I agree with this, I want to learn this effect, PW should demonstrate this effect in an experiment as TK did his, otherwise there is a definite credibility gap, as we can say that the effect has been reproduced as TM describes.

after discovering that Pi is not only 'incorrect' but it's also essentially a very inefficient way to calculate (i.e how much human methods seem) i'm sure some people that understand or learned this might be starting to question the reality in which they live?

I'd like to see a simple experiment where:

- an incandescent bulb of this type shines brighter with less or the same current.

note:

(even though bizarrely the last video showed two different currents along the same direct path.)
(however TK experiment reproduced the effect without the CVR did it not? ) (i.e wound R)

ah i'm staring to see the light here the CVR is on the negative, the inductor is the key, of course electrons don't exist, and so called 'electron flow' if this is looked at as a closed magnetic flux system it starts to make more sense.

[EMJunkie]

Hmmm.... I think some people are still missing some points and being distracted by Red Herrings.

1. The current measured by monitoring the voltage drop across the CVR is also the current flowing through the bulb. The elements are in strict series so the same current is flowing through them both. Right?

2. The brightness of the bulb is an indication of the power being dissipated in the bulb. A dimmer bulb means less power dissipated in the bulb, a brighter bulb means more power dissipated in the bulb. This is true regardless of factors like the temperature coefficient of resistance of the bulb, and the duty cycle of pulsation.  Right?

3. The instantaneous power being dissipated in the bulb is Watts=I²R, where I is the current at the instant of measurement and R is the bulb's resistance at that instant. Right? And this is also equivalent to Watts=V²/R, so solving for R we have R=V/I by Ohm's Law. Right?


4. When the capacitor is connected, the current through the bulb is (relatively) constant, so there is no difficulty with the "mean" value of the current. So the power dissipated in the bulb is also constant.
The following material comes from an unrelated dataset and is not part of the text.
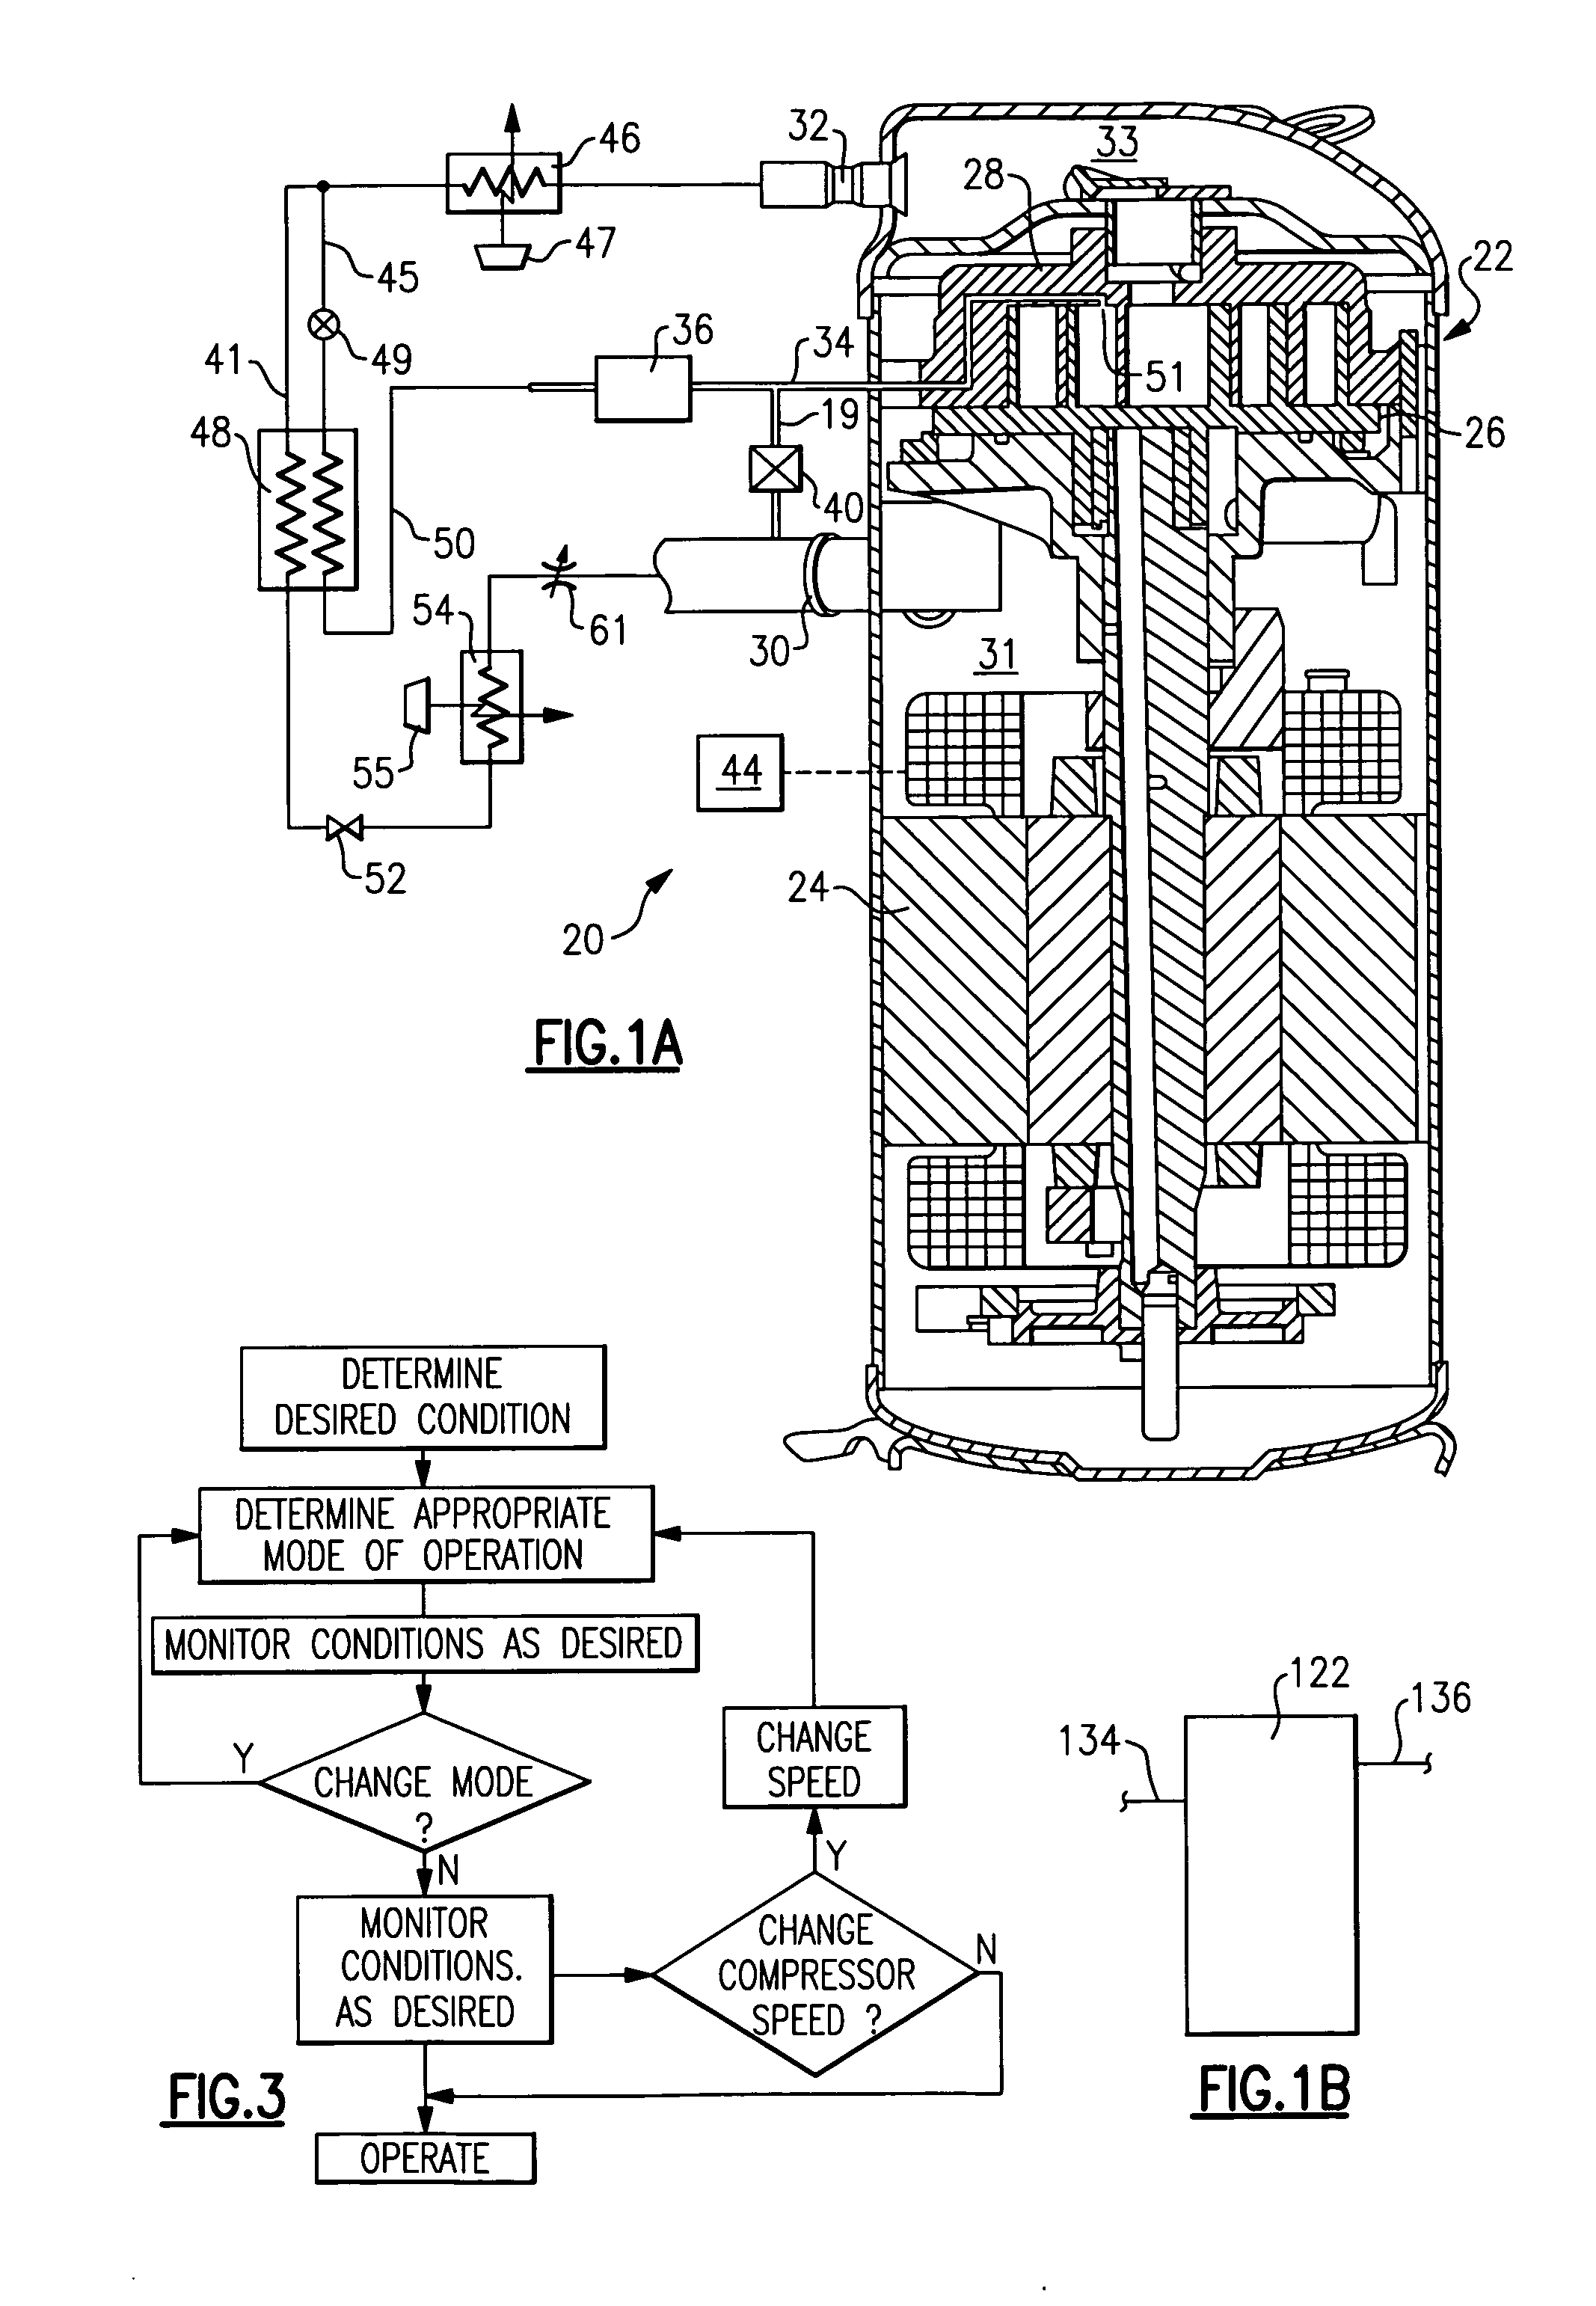 Refrigerant system with multi-speed scroll compressor and economizer circuit
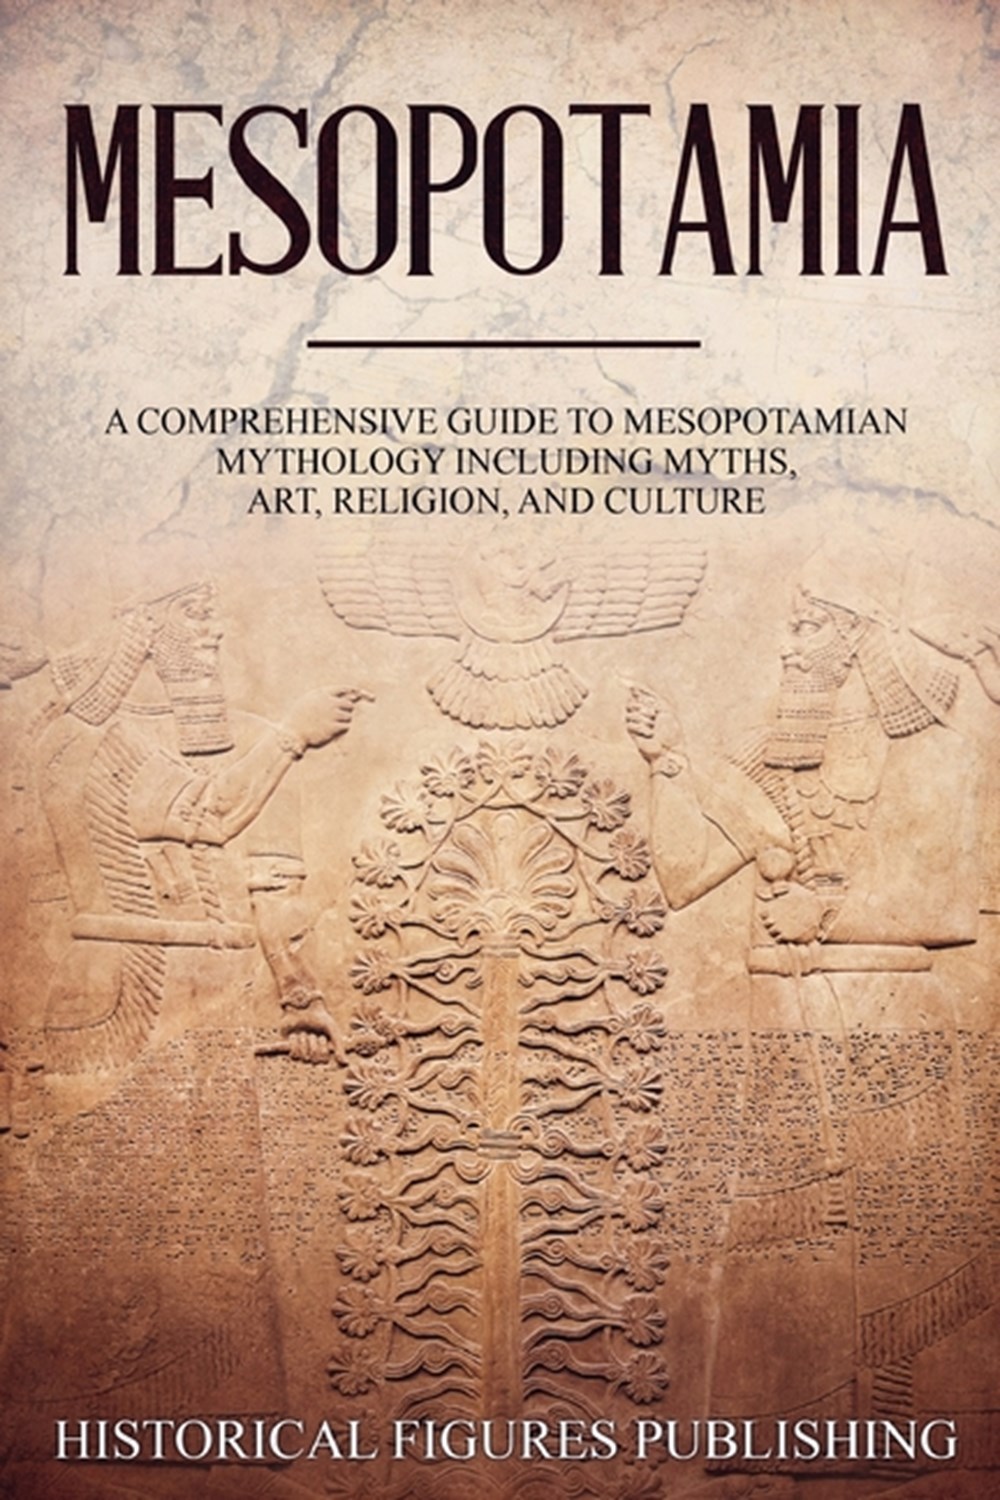 Mesopotamia: A Comprehensive Guide to Sumerian Mythology Including Myths, Art, Religion, and Culture

The resistance of the bulb can be calculated by R=V/I. We know I from the CVR measurement, but what is V?
Question: Does the voltage drop across the bulb as measured by the scope give us the "V" value for this equation when the voltage is constant, duty cycle 100 percent?

5. When the capacitor is _not_ connected, the current through the bulb is pulsed. So the power being supplied to the bulb is no longer constant. Depending on the thermal lag of the filament, this power is "smeared out" or averaged over some time interval, so the bulb is actually dissipating some power even when the filament is not receiving any current. Hence it can appear to be glowing steadily even though its current supply is pulsed. During the current peaks, as measured by the scope, the power dissipated is related to the _square_ of the current, adjusted somehow for the thermal lag and the temperature coefficient of resistance of the filament. Right?
Question: Is it legitimate to use the simple "mean" value of the current to calculate the average power dissipated by the bulb in this case, since the power supplied during the peaks is related to the square of the current?



Are the Red Herrings starting to jump out of the bucket yet?

A Circuit to study might be a good start:

Tinman, is this Circuit correct? SW1 being the manual Clip lead connection.

   Chris Sykes
       hyiq.org

Lets figure out what's going on...

[EMJunkie]

First thing I noticed is that the Wave Forms are completely different, no sign of any Pulsing:

   Chris Sykes
       hyiq.org

[EMJunkie]

I think if the Circuit is right, and the Scope Shots are an indication, we can see there is a lot less Voltage on the Yellow Trace especially... The Frequency, Rise/Fall time, there, will change the Lights Luminosity.

The total Applied Voltage across the Globe is very much different.

   Chris Sykes
       hyiq.org

[EMJunkie]

Something is wrong with the mean calculation!

At 2 volts per division for the Yellow Trace, its not giving you the right figure.

I agree with what Verpies said:

Yes, incandescent bulbs are not linear but that does not mean that they are not monotonic.
Light bulb's brightness depends on the current flowing through it and Tinman is correct that more current always means more brightness....and in his experiment this is all that matters.

I am more concerned how his scopes calculates the average of these pulses, e.g. from the screen data, from memory or from the waveform period...

   Chris Sykes
       hyiq.org

JOKE: Try DC Coupling.... Hahahaha